◆ Collected data ◆
□ □ □ □ □
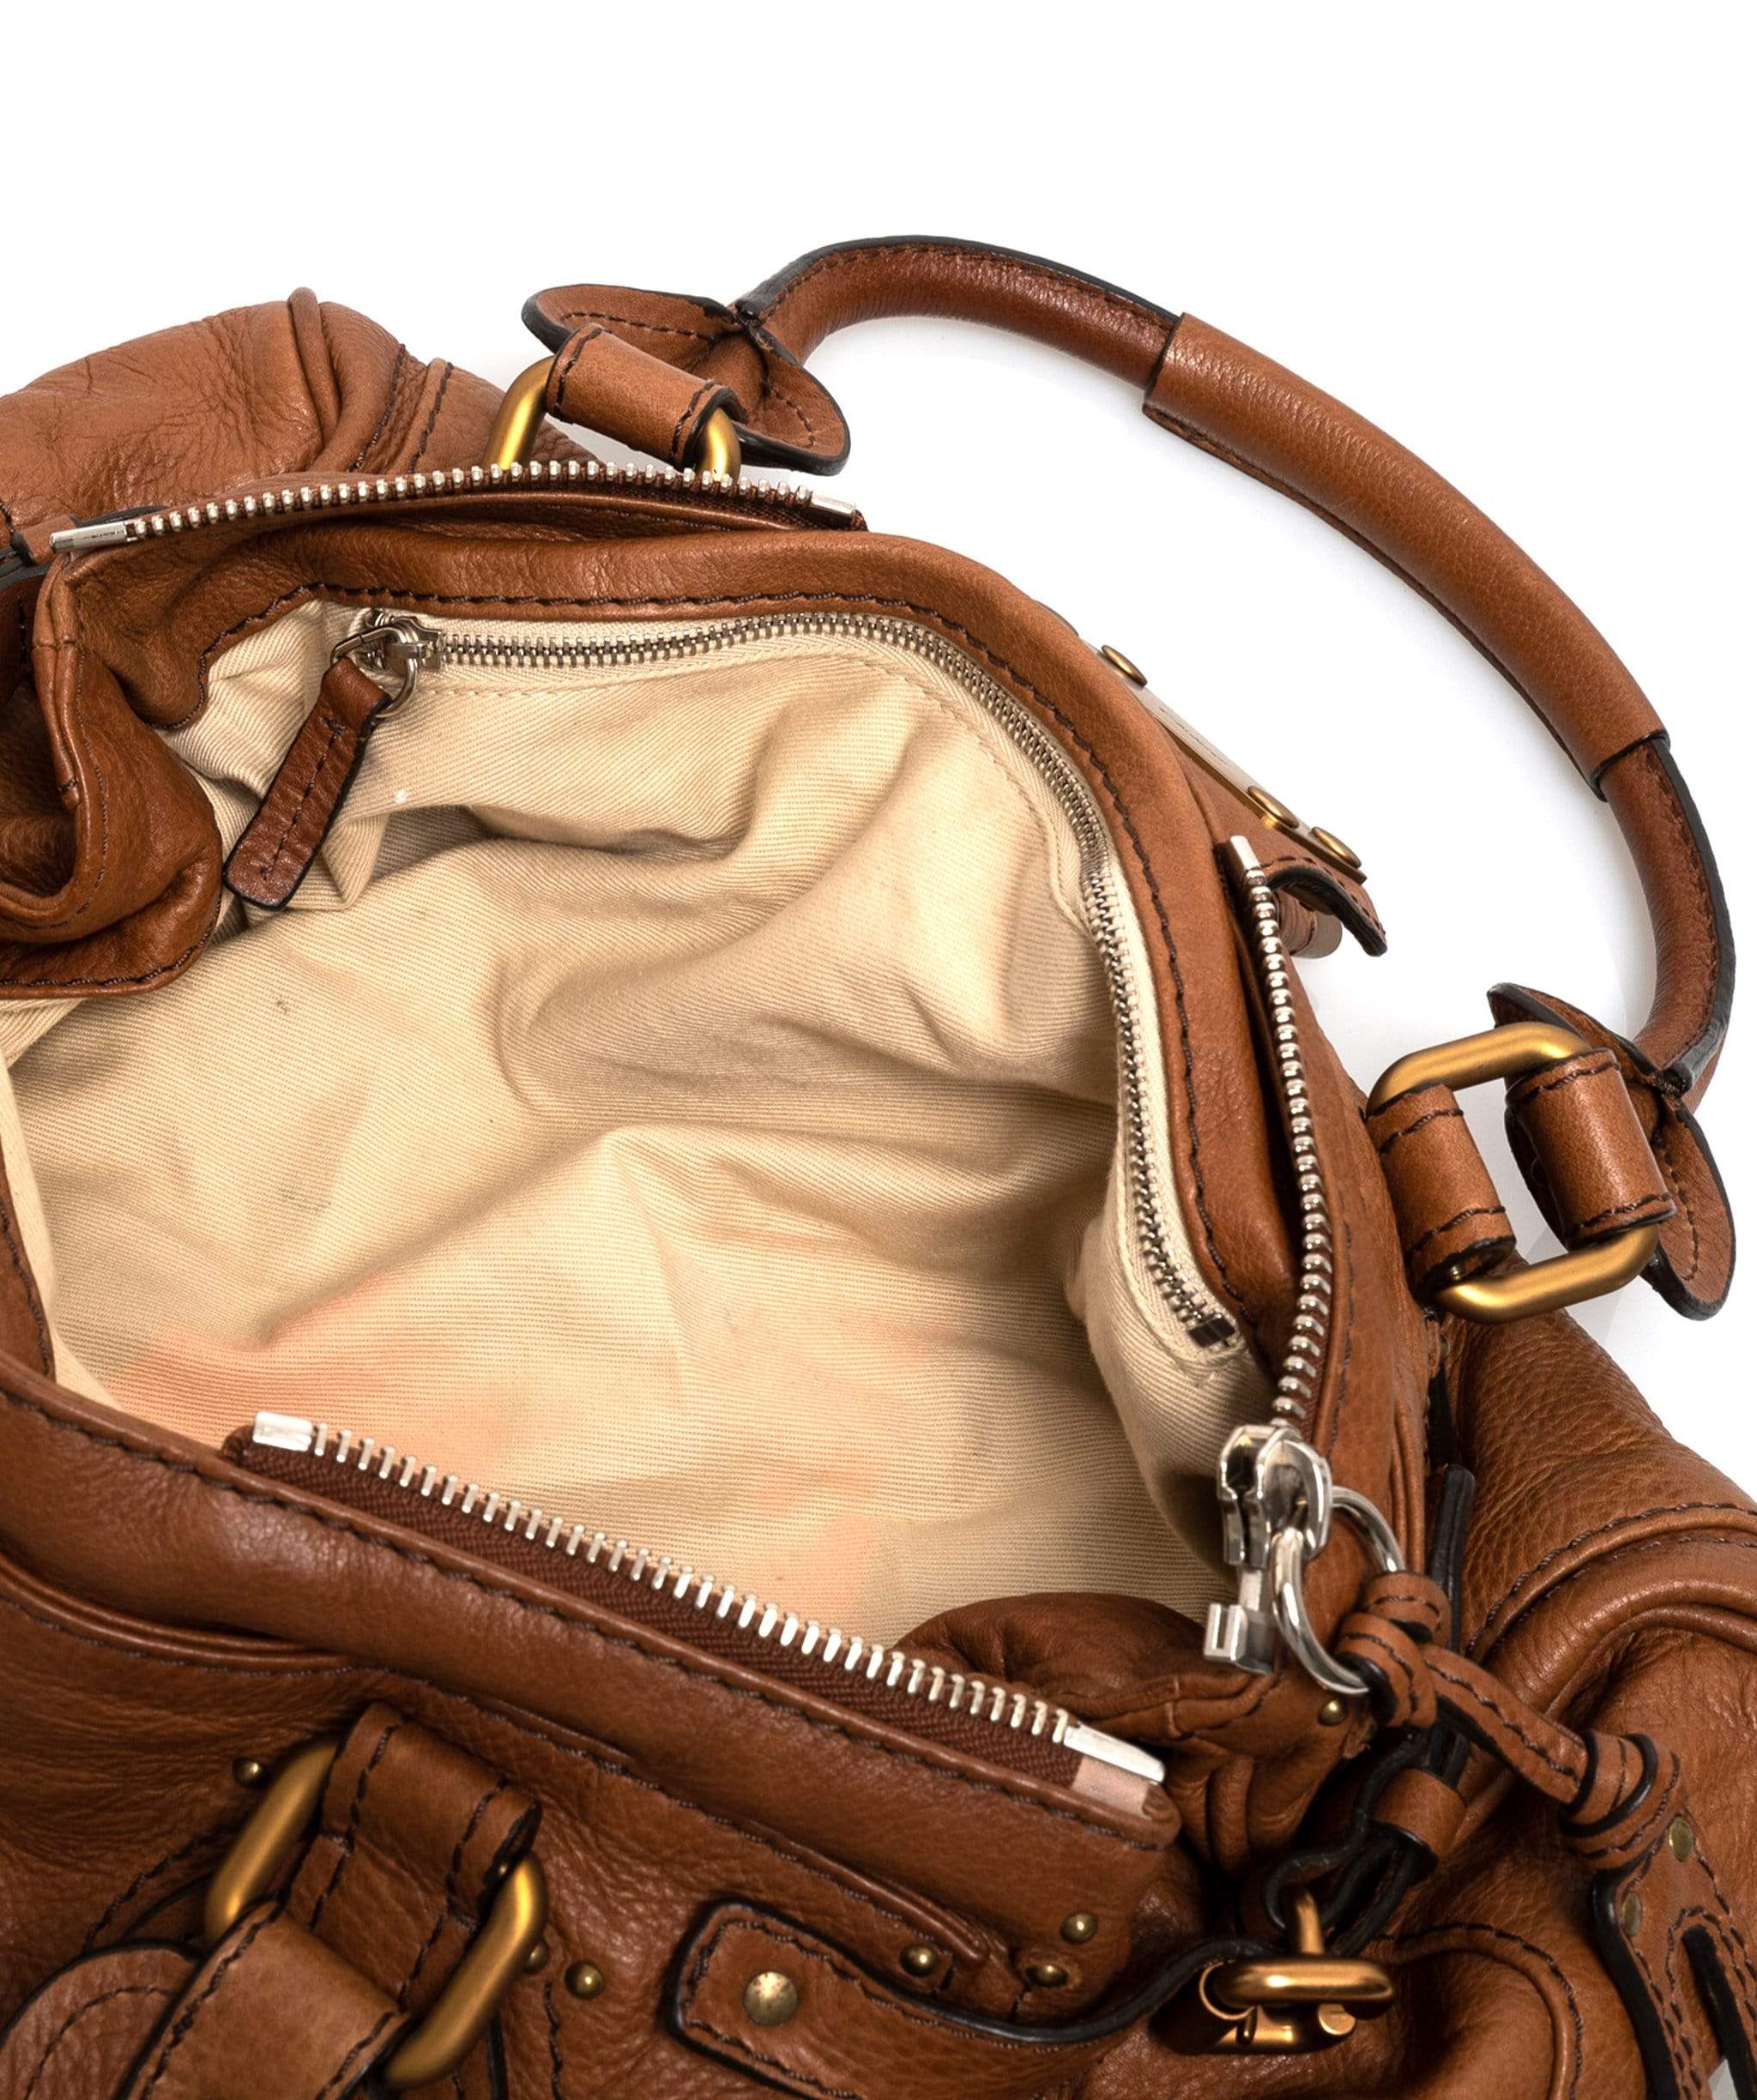 Chloé Chloe Paddington Camel Leather Bag - CW1283
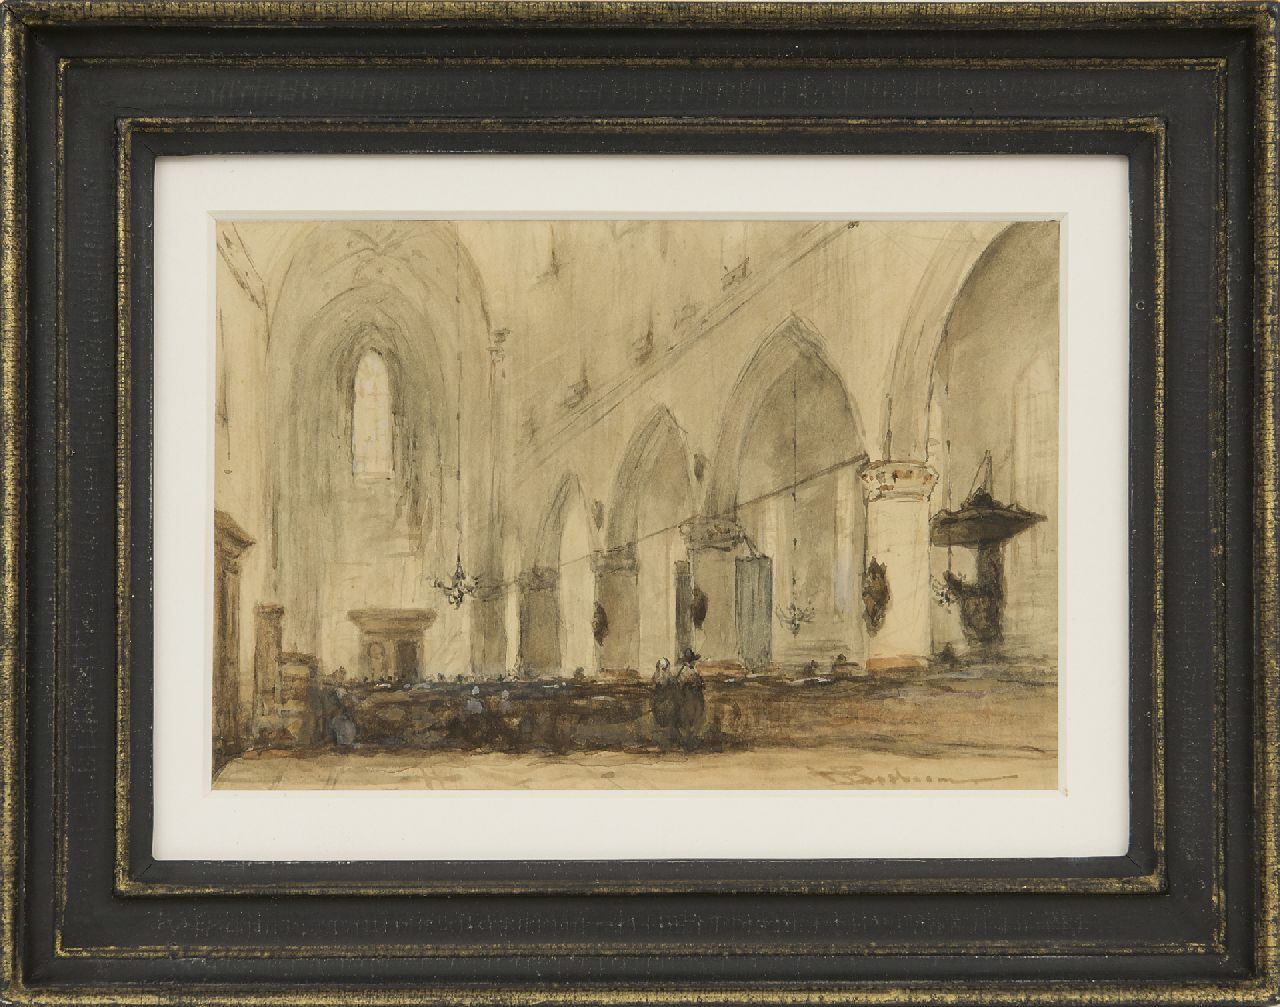 Bosboom J.  | Johannes Bosboom, Kircheninnenraum, watercolour on paper 13.0 x 19.2 cm, signed l.r.
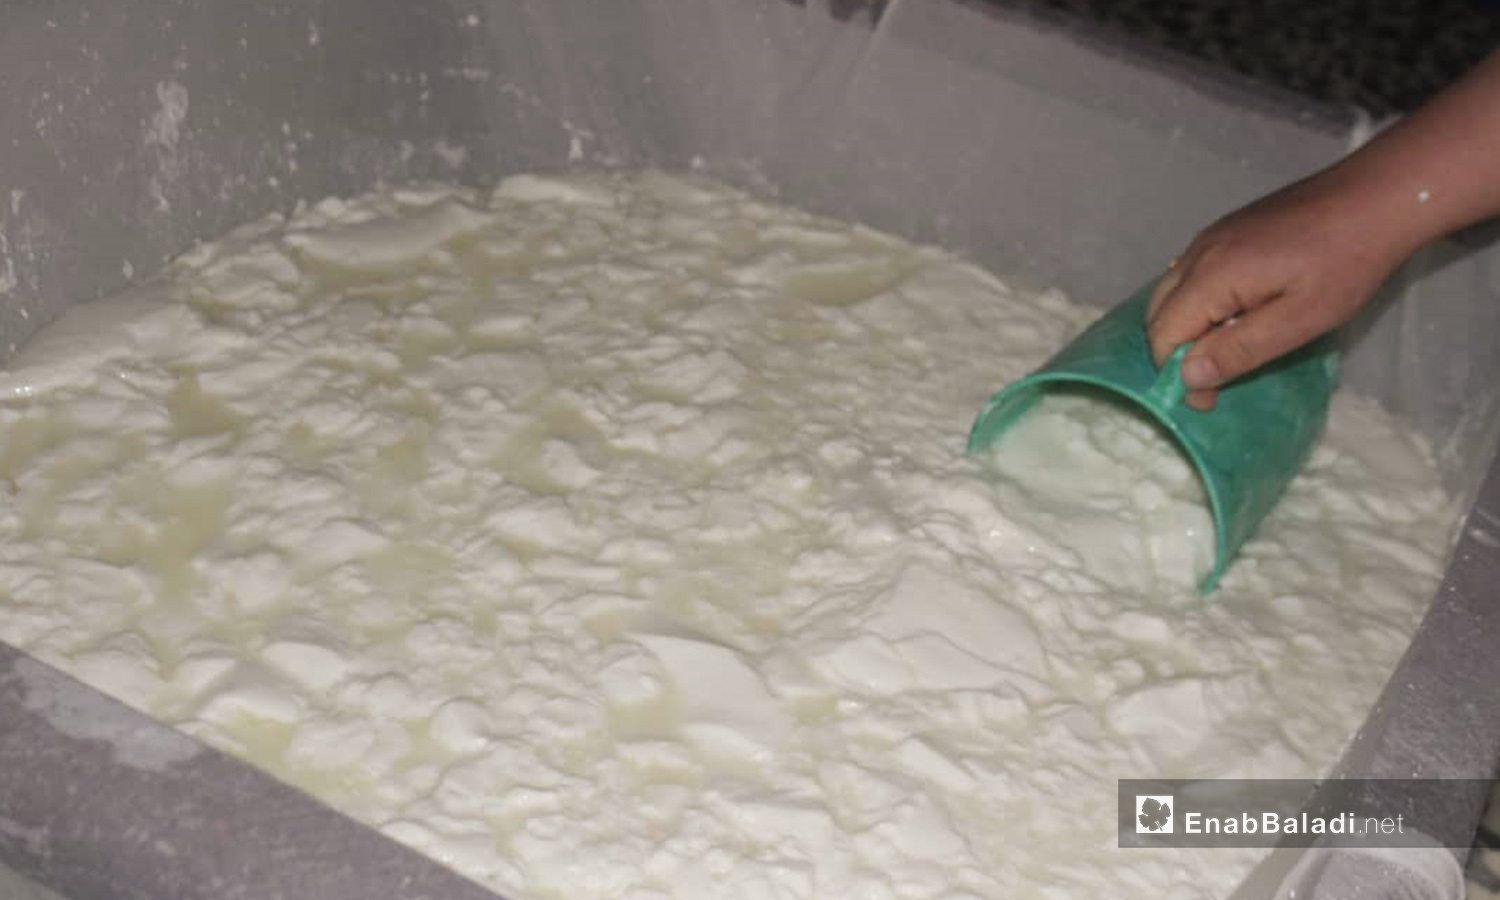 صناعة الجبنة في بلدة الدانا بريف إدلب الشمالي - 4 حزيران 2020 (عنب بلدي/شادية تعتاع)
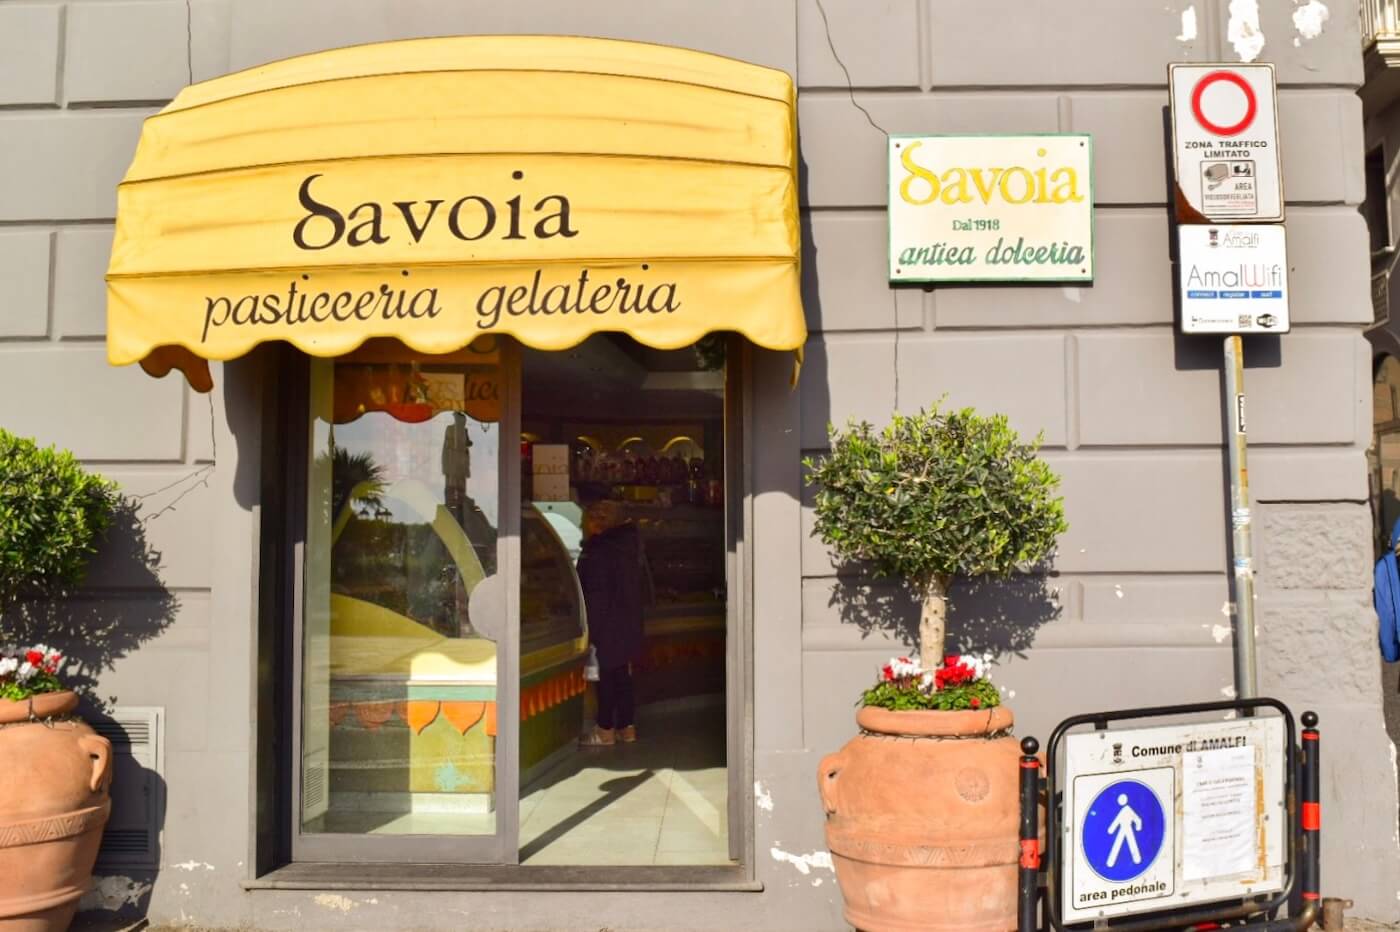 Pasticceria Savoia（パスティチェリア・サヴォイア）の外観
□ □ □ □ □
◆ Problem statement ◆
Exclude the images, then output the data above word for word.

◆ Result ◆
 Chloé Chloe Paddington Camel Leather Bag - CW1283
 Bosboom J.  | Johannes Bosboom, Kircheninnenraum, watercolour on paper 13.0 x 19.2 cm, signed l.r.
 صناعة الجبنة في بلدة الدانا بريف إدلب الشمالي - 4 حزيران 2020 (عنب بلدي/شادية تعتاع)
 Pasticceria Savoia（パスティチェリア・サヴォイア）の外観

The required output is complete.